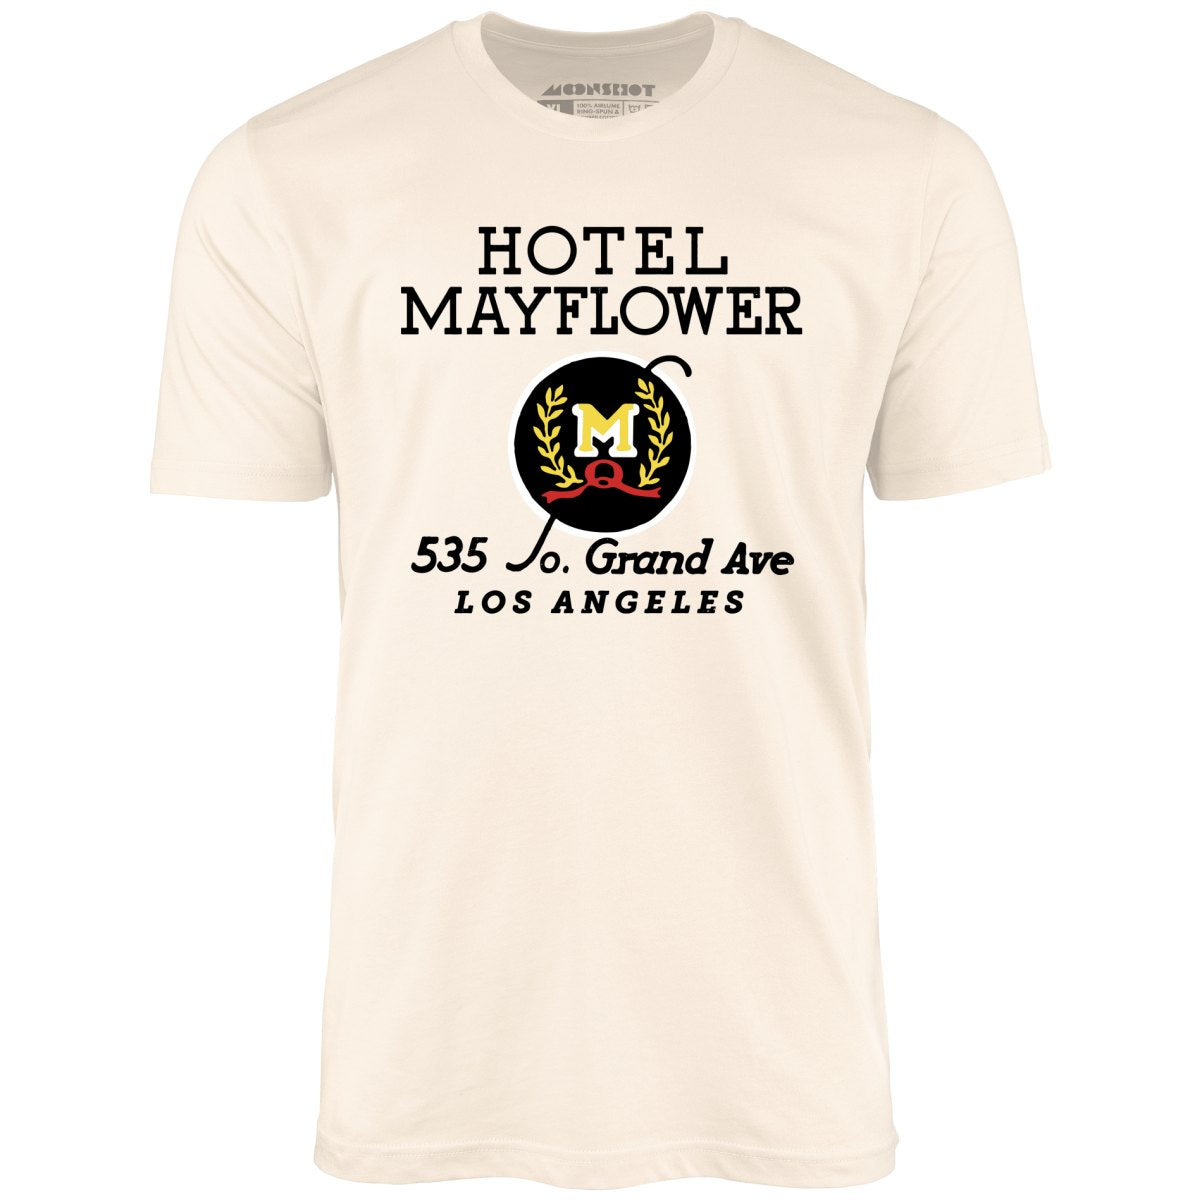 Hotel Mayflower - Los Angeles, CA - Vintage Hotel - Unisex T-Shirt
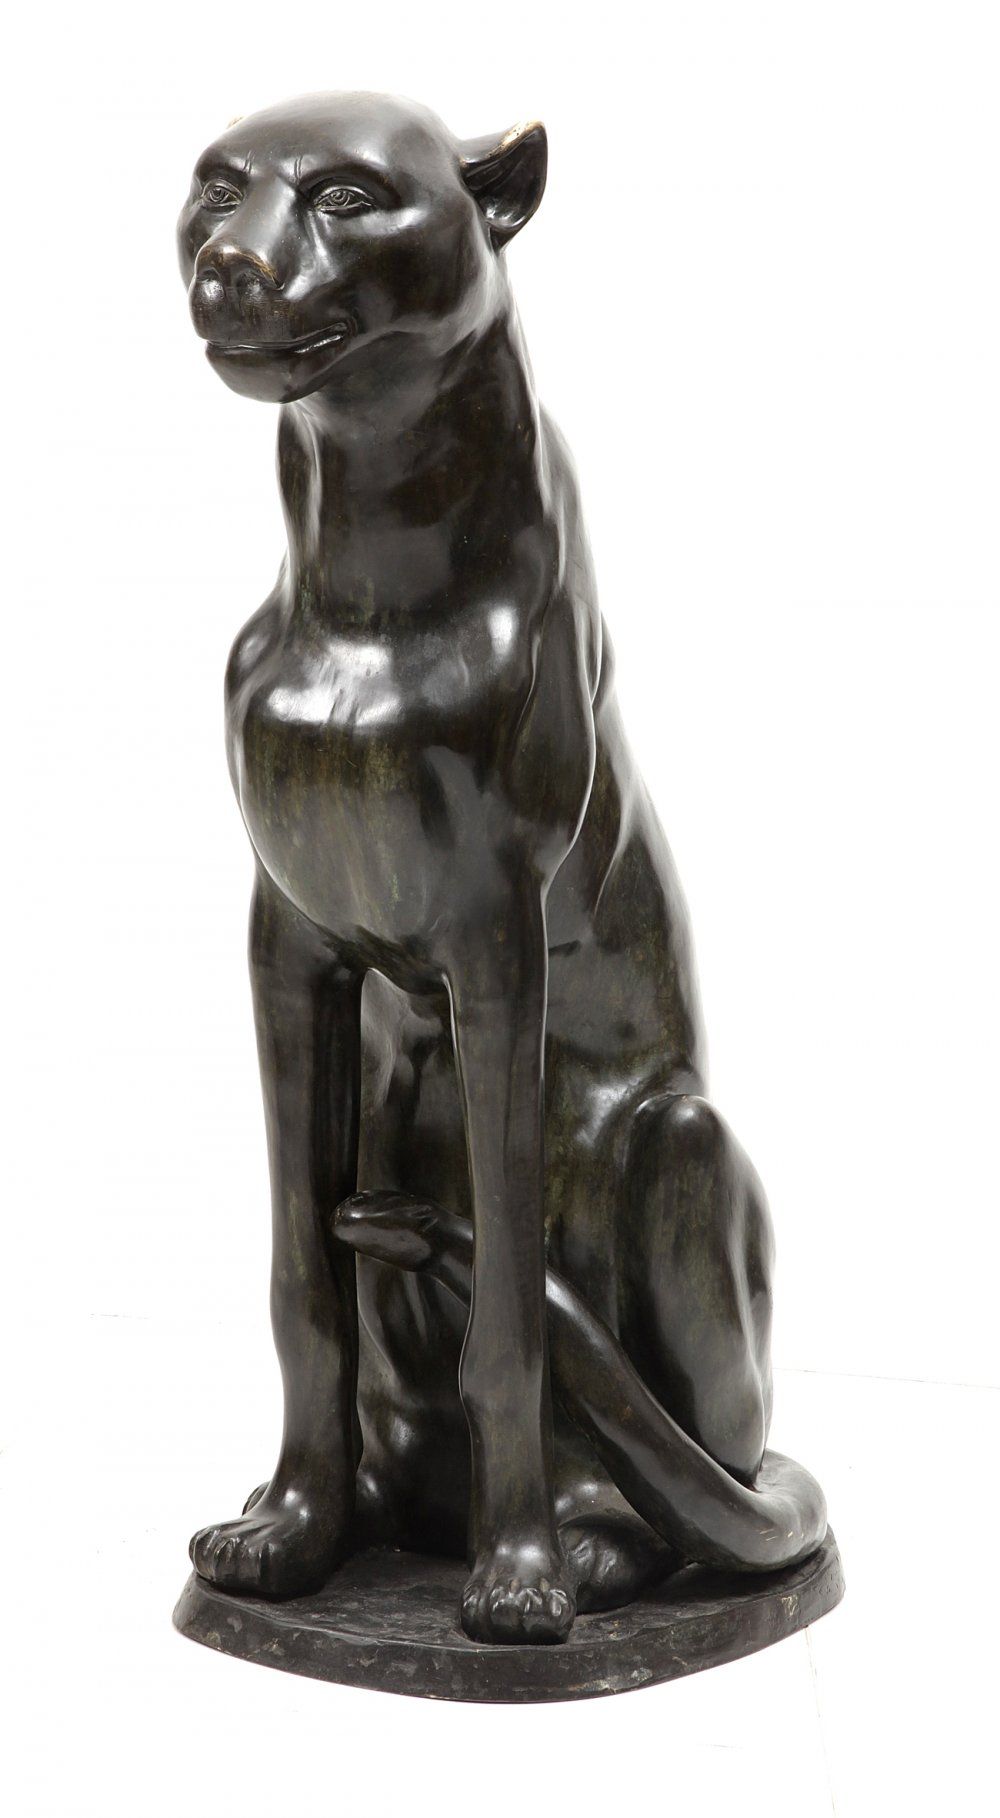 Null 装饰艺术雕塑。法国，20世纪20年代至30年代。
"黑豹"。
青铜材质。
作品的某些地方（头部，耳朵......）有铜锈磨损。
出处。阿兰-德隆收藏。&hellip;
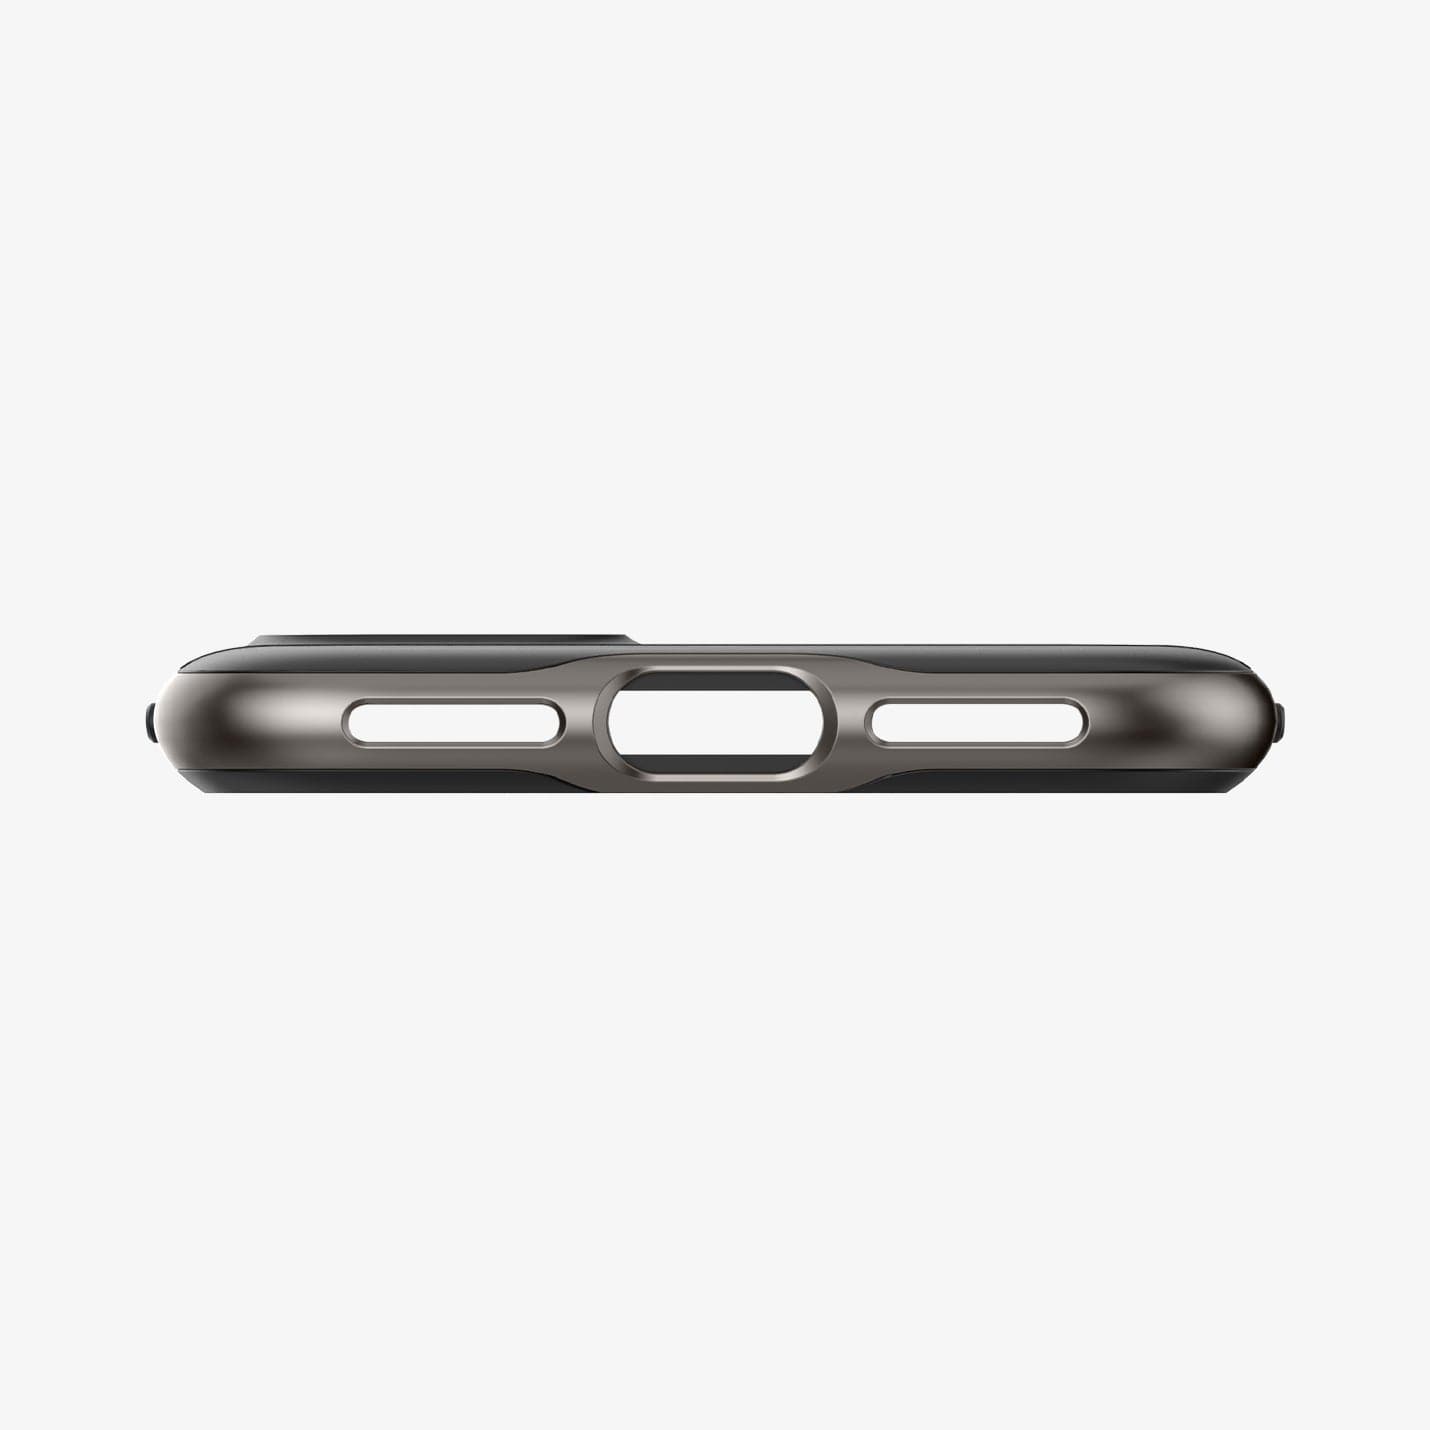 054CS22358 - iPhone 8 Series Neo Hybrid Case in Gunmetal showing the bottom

What is expected:
Your answer must consist of the entries, unchanged, with no pictures in it.

Task output:
 Hotel Mayflower - Los Angeles, CA - Vintage Hotel - Unisex T-Shirt
 Null 装饰艺术雕塑。法国，20世纪20年代至30年代。
"黑豹"。
青铜材质。
作品的某些地方（头部，耳朵......）有铜锈磨损。
出处。阿兰-德隆收藏。&hellip;
 054CS22358 - iPhone 8 Series Neo Hybrid Case in Gunmetal showing the bottom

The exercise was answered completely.